**WHAT IS BEING ASKED**
What is needed is an exact copy of all the lines below.

(Extracted data entries)

^^^^

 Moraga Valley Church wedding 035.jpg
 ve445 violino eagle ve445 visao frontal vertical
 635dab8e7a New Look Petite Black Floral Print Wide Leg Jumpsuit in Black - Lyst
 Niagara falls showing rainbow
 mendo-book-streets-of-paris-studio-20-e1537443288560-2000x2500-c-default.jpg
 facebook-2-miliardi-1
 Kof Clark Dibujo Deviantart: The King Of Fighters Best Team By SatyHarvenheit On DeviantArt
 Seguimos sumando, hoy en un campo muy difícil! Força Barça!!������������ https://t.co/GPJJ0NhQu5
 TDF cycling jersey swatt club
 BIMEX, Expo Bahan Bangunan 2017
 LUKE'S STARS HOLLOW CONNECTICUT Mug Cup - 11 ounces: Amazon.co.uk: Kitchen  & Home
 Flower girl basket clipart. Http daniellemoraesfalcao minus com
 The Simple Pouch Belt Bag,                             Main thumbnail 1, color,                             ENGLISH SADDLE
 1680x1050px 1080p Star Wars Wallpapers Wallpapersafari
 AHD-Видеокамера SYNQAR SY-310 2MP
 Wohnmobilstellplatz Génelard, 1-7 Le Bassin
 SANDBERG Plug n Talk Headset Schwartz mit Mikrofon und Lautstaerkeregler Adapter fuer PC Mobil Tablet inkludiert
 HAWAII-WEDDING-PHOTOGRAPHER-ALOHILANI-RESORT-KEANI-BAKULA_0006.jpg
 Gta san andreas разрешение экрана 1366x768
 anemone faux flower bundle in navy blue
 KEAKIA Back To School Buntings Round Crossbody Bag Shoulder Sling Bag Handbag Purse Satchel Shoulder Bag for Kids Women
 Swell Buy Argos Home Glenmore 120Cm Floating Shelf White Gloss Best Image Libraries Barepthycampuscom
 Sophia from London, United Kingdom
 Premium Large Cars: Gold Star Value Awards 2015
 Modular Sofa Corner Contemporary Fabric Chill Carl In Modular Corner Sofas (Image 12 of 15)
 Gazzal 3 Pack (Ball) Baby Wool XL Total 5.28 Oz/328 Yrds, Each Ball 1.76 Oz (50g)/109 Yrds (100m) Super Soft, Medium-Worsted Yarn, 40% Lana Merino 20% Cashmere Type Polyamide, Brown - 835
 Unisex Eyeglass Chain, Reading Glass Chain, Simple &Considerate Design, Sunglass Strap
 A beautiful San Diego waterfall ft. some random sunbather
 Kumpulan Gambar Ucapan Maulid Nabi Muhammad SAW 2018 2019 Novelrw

^^^^

**YOUR SOLUTION**
 Moraga Valley Church wedding 035.jpg
 ve445 violino eagle ve445 visao frontal vertical
 635dab8e7a New Look Petite Black Floral Print Wide Leg Jumpsuit in Black - Lyst
 Niagara falls showing rainbow
 mendo-book-streets-of-paris-studio-20-e1537443288560-2000x2500-c-default.jpg
 facebook-2-miliardi-1
 Kof Clark Dibujo Deviantart: The King Of Fighters Best Team By SatyHarvenheit On DeviantArt
 Seguimos sumando, hoy en un campo muy difícil! Força Barça!!������������ https://t.co/GPJJ0NhQu5
 TDF cycling jersey swatt club
 BIMEX, Expo Bahan Bangunan 2017
 LUKE'S STARS HOLLOW CONNECTICUT Mug Cup - 11 ounces: Amazon.co.uk: Kitchen  & Home
 Flower girl basket clipart. Http daniellemoraesfalcao minus com
 The Simple Pouch Belt Bag,                             Main thumbnail 1, color,                             ENGLISH SADDLE
 1680x1050px 1080p Star Wars Wallpapers Wallpapersafari
 AHD-Видеокамера SYNQAR SY-310 2MP
 Wohnmobilstellplatz Génelard, 1-7 Le Bassin
 SANDBERG Plug n Talk Headset Schwartz mit Mikrofon und Lautstaerkeregler Adapter fuer PC Mobil Tablet inkludiert
 HAWAII-WEDDING-PHOTOGRAPHER-ALOHILANI-RESORT-KEANI-BAKULA_0006.jpg
 Gta san andreas разрешение экрана 1366x768
 anemone faux flower bundle in navy blue
 KEAKIA Back To School Buntings Round Crossbody Bag Shoulder Sling Bag Handbag Purse Satchel Shoulder Bag for Kids Women
 Swell Buy Argos Home Glenmore 120Cm Floating Shelf White Gloss Best Image Libraries Barepthycampuscom
 Sophia from London, United Kingdom
 Premium Large Cars: Gold Star Value Awards 2015
 Modular Sofa Corner Contemporary Fabric Chill Carl In Modular Corner Sofas (Image 12 of 15)
 Gazzal 3 Pack (Ball) Baby Wool XL Total 5.28 Oz/328 Yrds, Each Ball 1.76 Oz (50g)/109 Yrds (100m) Super Soft, Medium-Worsted Yarn, 40% Lana Merino 20% Cashmere Type Polyamide, Brown - 835
 Unisex Eyeglass Chain, Reading Glass Chain, Simple &Considerate Design, Sunglass Strap
 A beautiful San Diego waterfall ft. some random sunbather
 Kumpulan Gambar Ucapan Maulid Nabi Muhammad SAW 2018 2019 Novelrw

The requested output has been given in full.